In a statement made by the Equity group, Egypt said (excerpt), “…we note that the Bureau's text on equity-related proposals still requires adequate and sufficient time or effort. Therefore, we agree with the Bureau for their proposal to conduct a resumed IHR session, to be fully dedicated to equity-related issues, and help us move forward as per Articles 13A and 44A.”

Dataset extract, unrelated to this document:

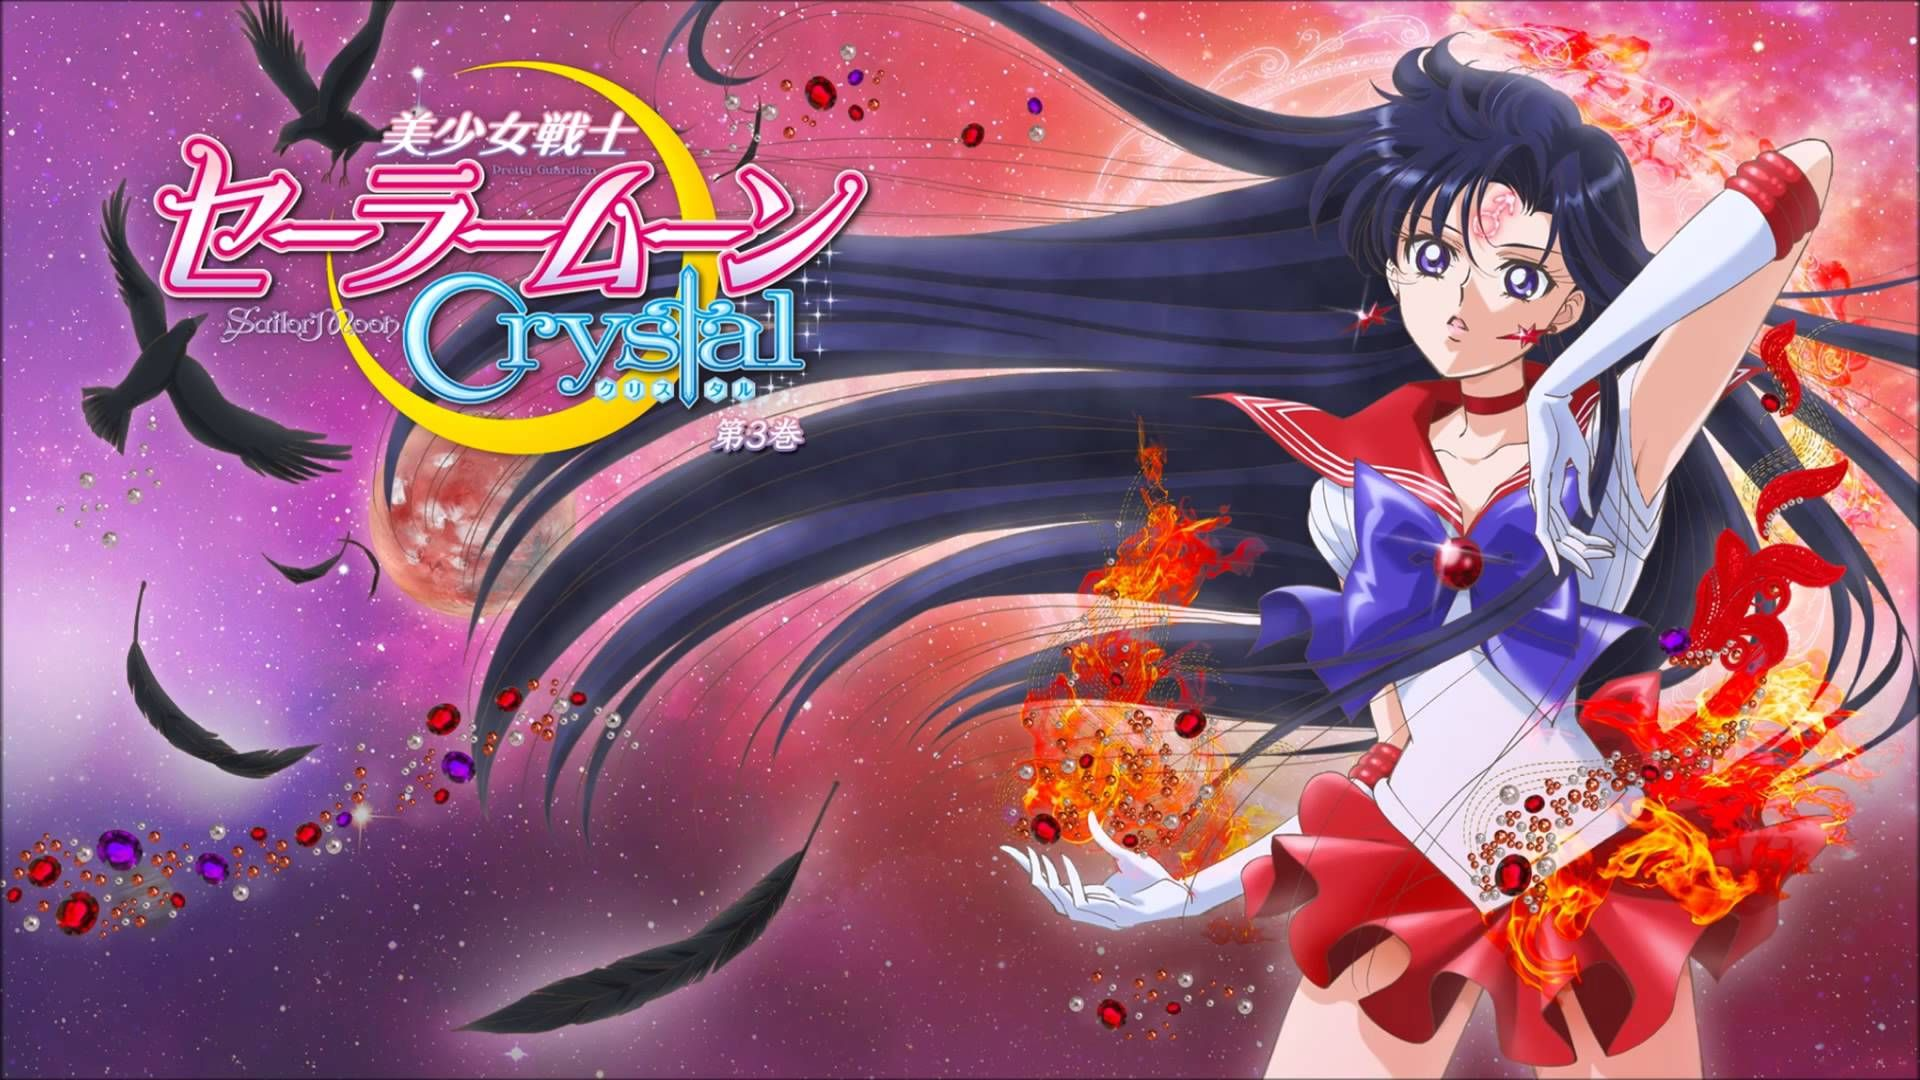 Rei Hino Sailor Mars Sailor Moon Crystal Sailor Moon Sailor Mars
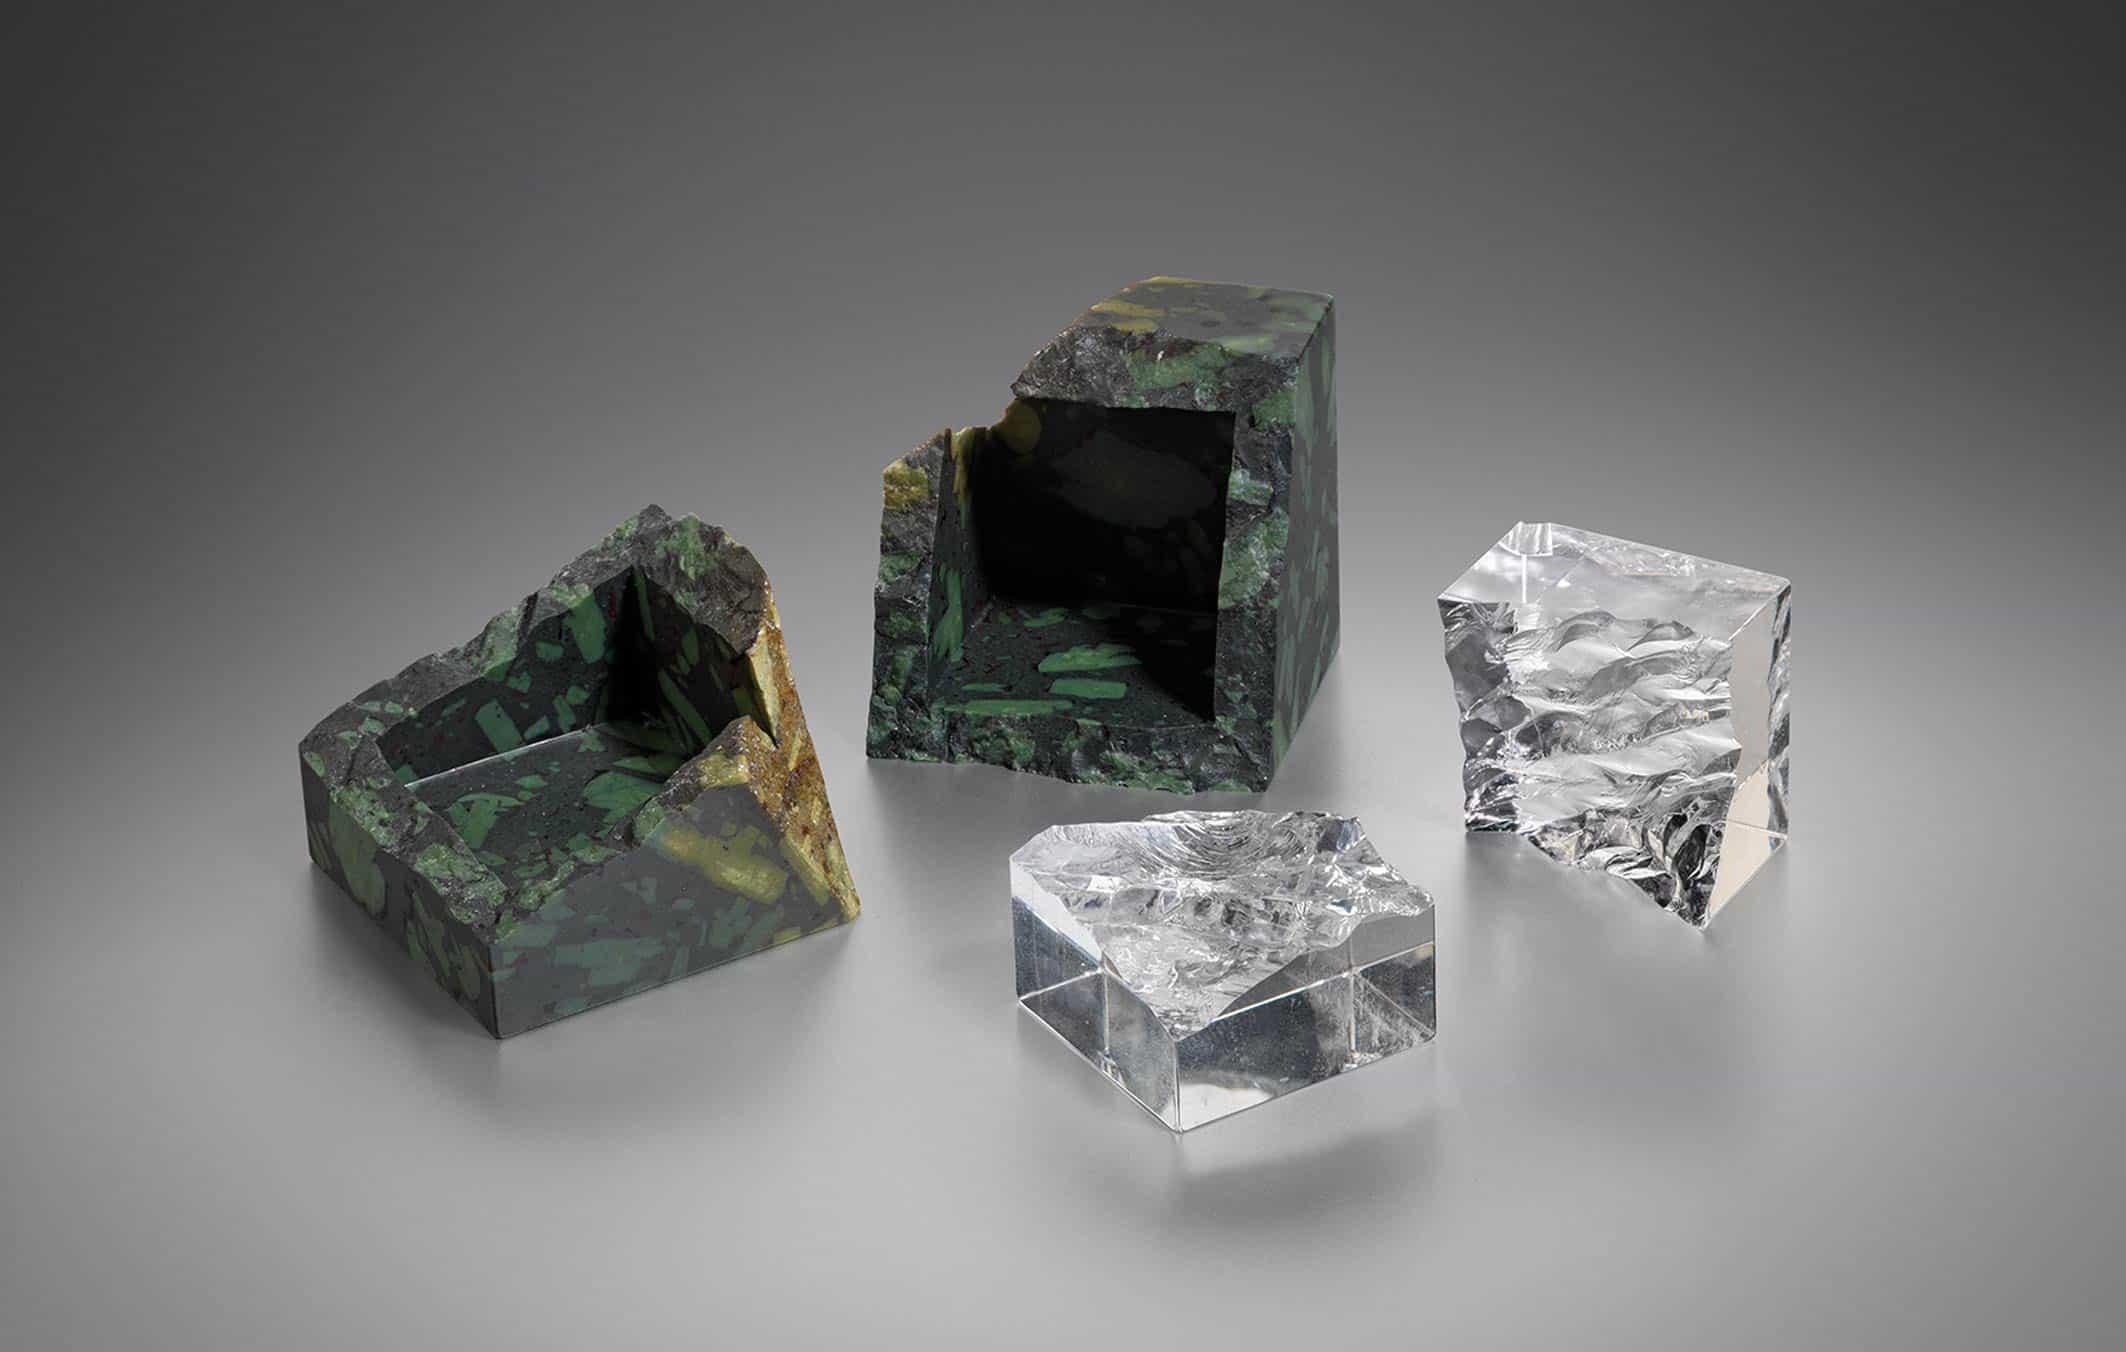 Ben Gaskell Break box porhyryr box containing a split rock-crystal cube

The EU cautioned against duplicating some of the discussions: “We would expect this work to be fully aligned- or joined up with the work in the other work stream. We are not going to do the same discussion, or to address the same issues, like the financial mechanism…doing two financial mechanisms: one here and one there, is not going to be possible; it’s not efficient….I think there should be an understanding that there are a number of issues, like sharing of countermeasures or access to countermeasures, whatever you want to define it as. The financial issues are very large, and some governance are entirely connected. They cannot be addressed in isolation: otherwise, we have never solved it. I think it is already difficult; it would make it even more difficult.”
In the coming days, the Bureau is expected to circulate proposals on the following: Articles 53A, 53 bis-quarter, 54 and 54 bis, related to Governance, monitoring and oversight. Updated text proposals including on Articles 44A and 13A and new Annex 10 is also expected to be circulated.
In his remarks, WHO’s emergencies chief, Mike Ryan said:
“It's a very precious process. One that has taken decades to develop; WHO’s mandate, but also the last revision of IHR. So: just to say what you're discussing here, sometimes seem like wordsmithing, not necessarily having an immediate impact on the world. It will, because it will define the next 10 years of global surveillance and of collective security when it comes to health emergencies and particularly high impact epidemics.”
“So, while you the shoemakers make the shoes, we'll be in the basement, doing the work of the elves that are needed to work with your institutions at national level. Remember: all of this, is happening with your national public health authorities, your National Institutes of Health, your partners, your cluster partners, WHO collaborating centers, the focal points for the IHR. This is a collective process. It provides a safety net, it provides protection for all our communities. You have treated this process with tremendous care and professionalism. I just would urge you again, as the DG has, get this done by May, and give us back the IHR in better shape than it's ever been: and we will be forever grateful.”
Although the finish line is within grasp for countries with respect to the IHR negotiations, disinformation and a loss in political momentum can jeopardise efforts and progress of the last three years. It will also depend on the fairly uncertain outcomes on the INB process.
“The IHR has served us well, we will be ok if we go back to the original text,” a developed country negotiator told us.
It will be a different story for developing countries though, already hamstrung by a lack of adequate financing to implement existing IHR provisions, and potentially, a lost opportunity to include strong obligations on response measures in these rules.